Immortal or Eternal

In Jorge Luis Borges’s short story, “The Immortals,” the deathless Troglodytes care not so much to be in the world.26 They know that if something could happen, it eventually will happen...why rush the inevitable? The immortals are beyond experience. They are no longer Dasein. This is death, the permanent state of being other than Dasein.

Todd May writes, “To exist in eternity is to be immune to time, if only for a little while.”27 One aspect of care is being toward death, according to Heidegger, but this being is most often the being who does not know when Dasein will die. Walter White knows when he will die. He has bracketed care in order to become the eternal, the eternal who has the maximum experience of being Dasein. Is this what Heidegger was seeking? Is the authentic Dasein Walter White, meth cooker? Walter White, the being toward death who knows when he will die, is eternal, but not immortal like the troglodytes. With his death sentence he understands that his experiences are forever for him, and the more he experiences, the more he experiences the eternality of Dasein. Death, the beyond-experience, the world of the troglodytes, is meaningless to him as it is to them. Walter White, the meth cooker, is all about the experience. This is in contrast to the Walter White, the chemistry teacher, who, as Kimberly Baltzer-Jaray, says that Walter White, “sees himself as defined completely by others.”28 What we have to ask ourselves is whether in his transformation to meth cooker do we believe he redefines himself “authentically” or lets the meth “other” redefine his life in a way that is as completely controlling as the others who defined his life before his cancer diagnosis?
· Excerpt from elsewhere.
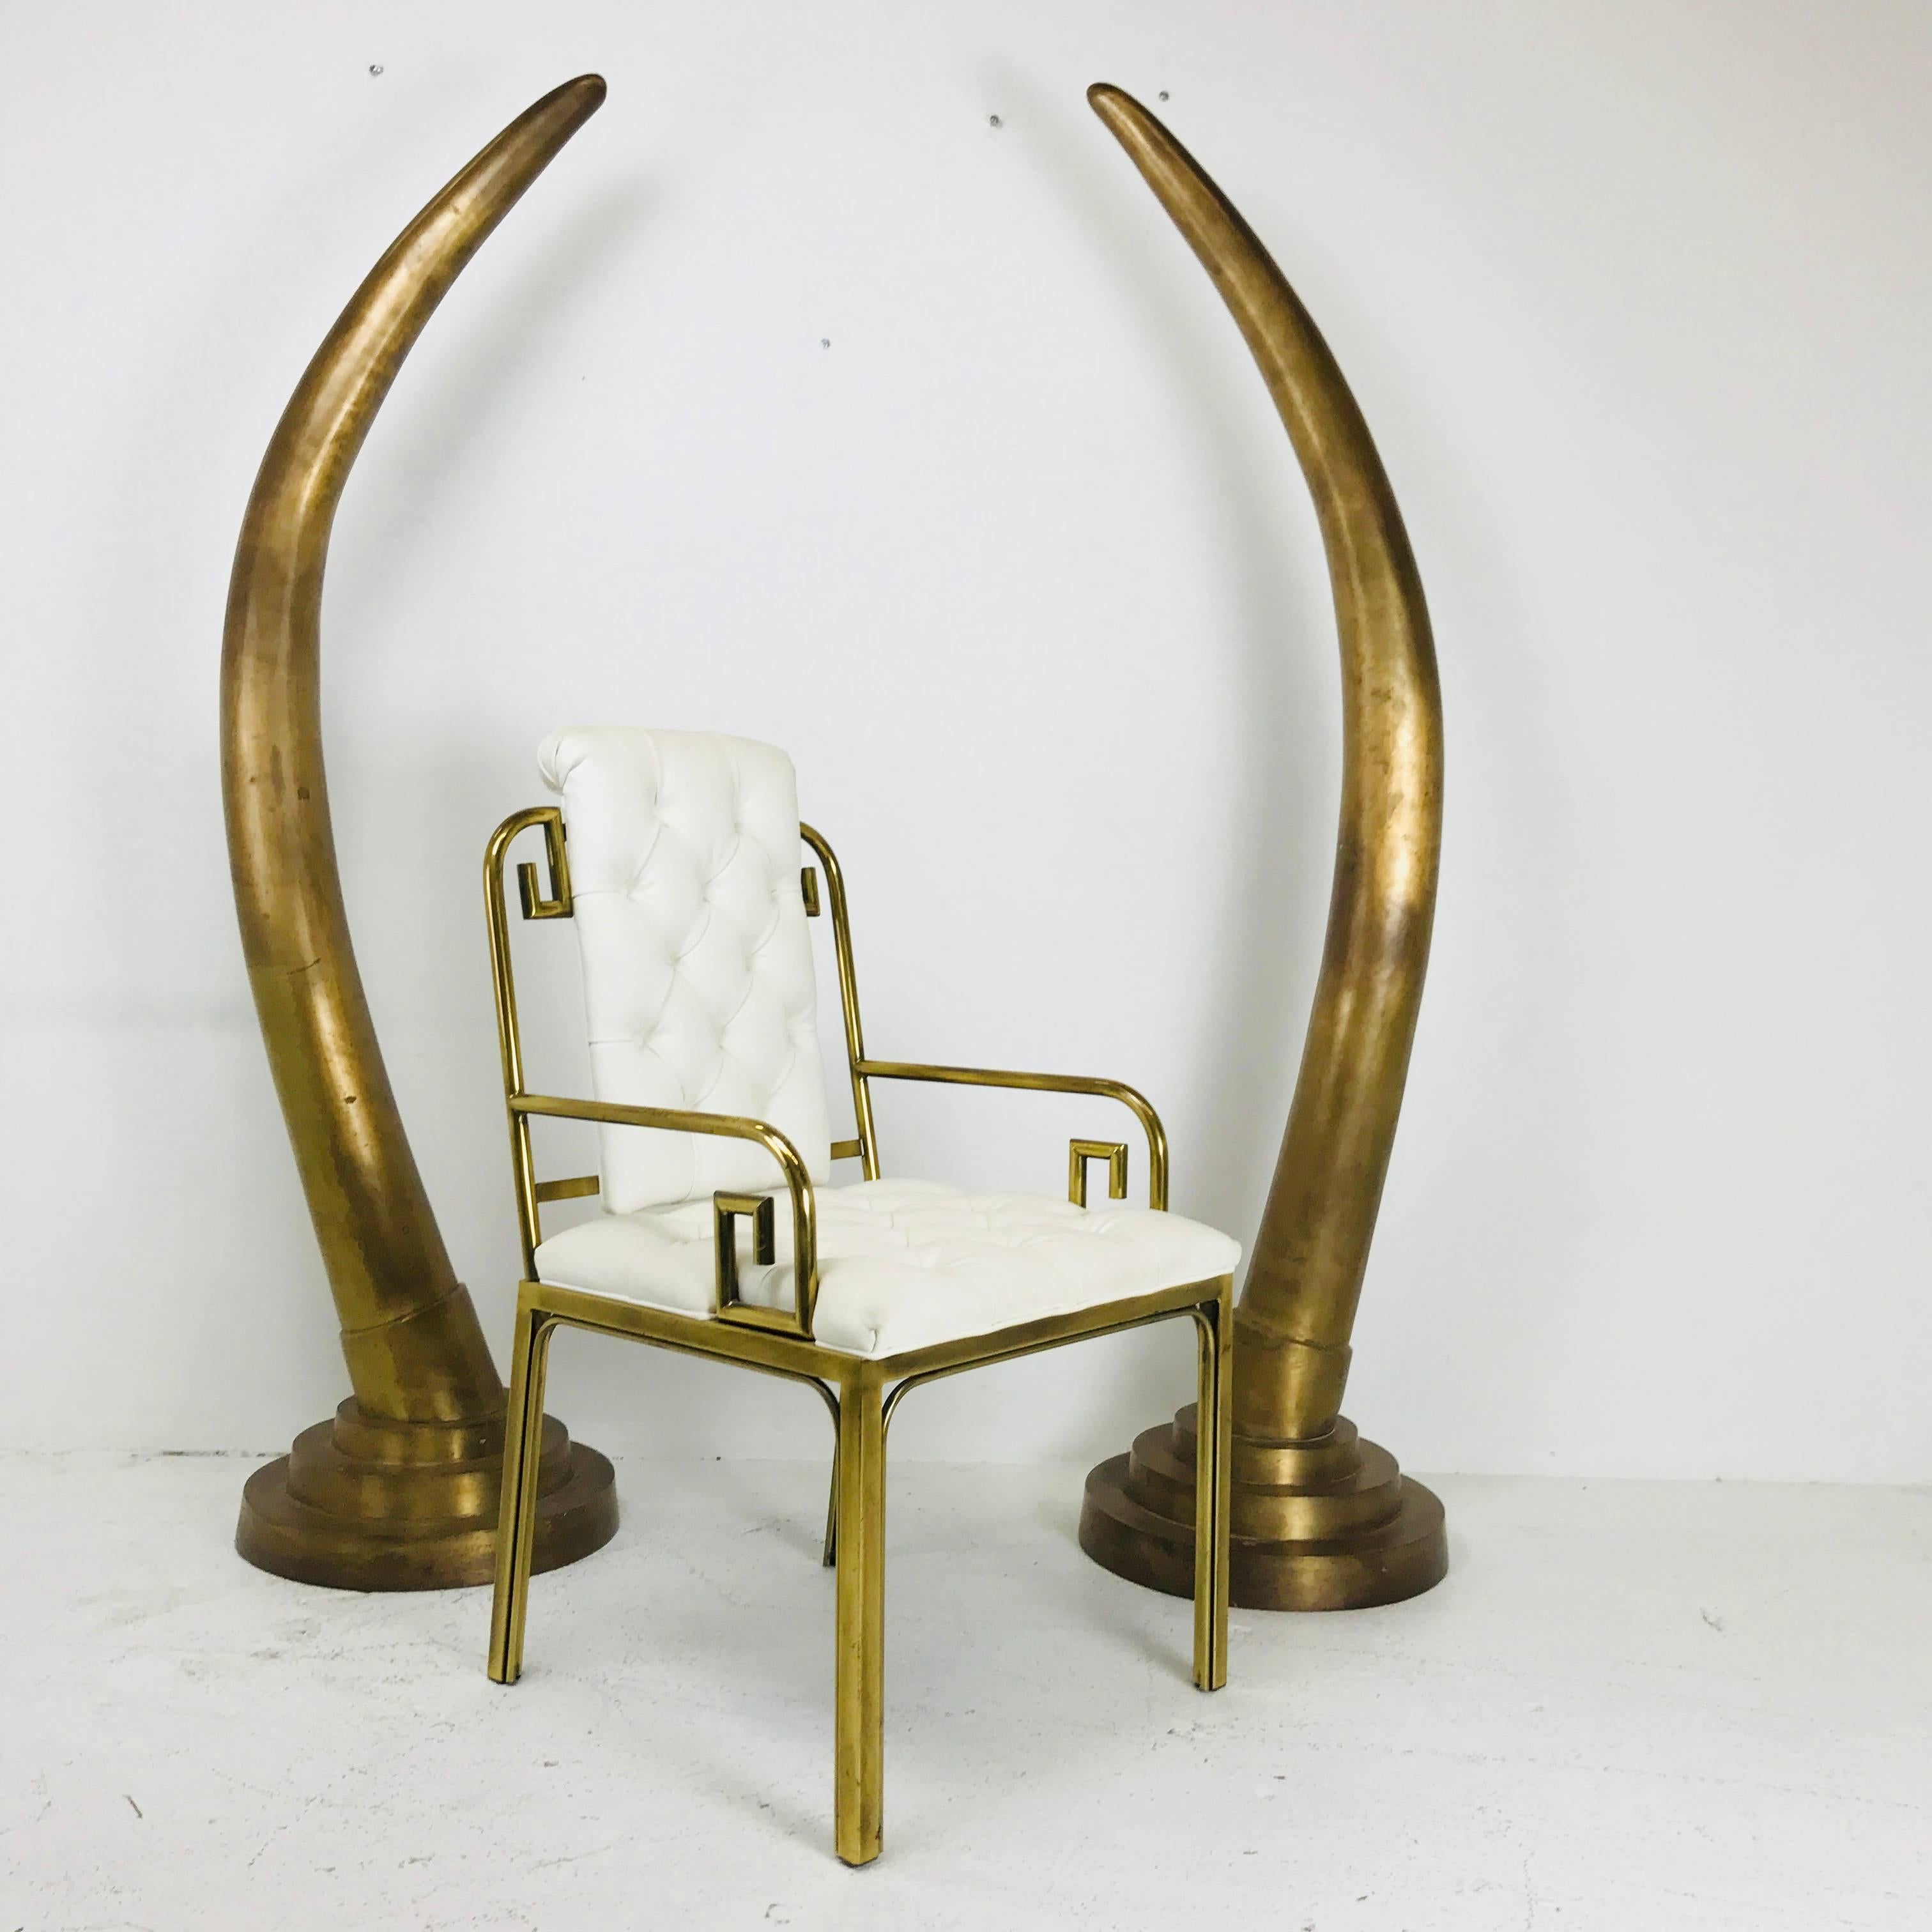 Pair of Dramatic Life-Size Brass Tusk Statues 1

We have seen how Walt’s care has devolved into obsession. We see him descend into this fixation, first to build a fortune for his family, then later, to keep the game going to feed the high he receives from his gaming addiction. He is living the life of an eternal, not as Dasein who has all the time to build a fortune for his family, but an eternal for whom there is no risk he can take that will prevent his death in two years. He is a walking dead man; there is no worrying about his mortality. He will do anything he can to keep the game going until the end of Dasein.

Eternality, obsession, and death become intertwined in the experience of Walter White. While we follow Walt’s story as he enters and attempts to master the game, we wonder whether this is something that could happen to us should we be confronted with the certainty of our own death date. We likely do not have to look far.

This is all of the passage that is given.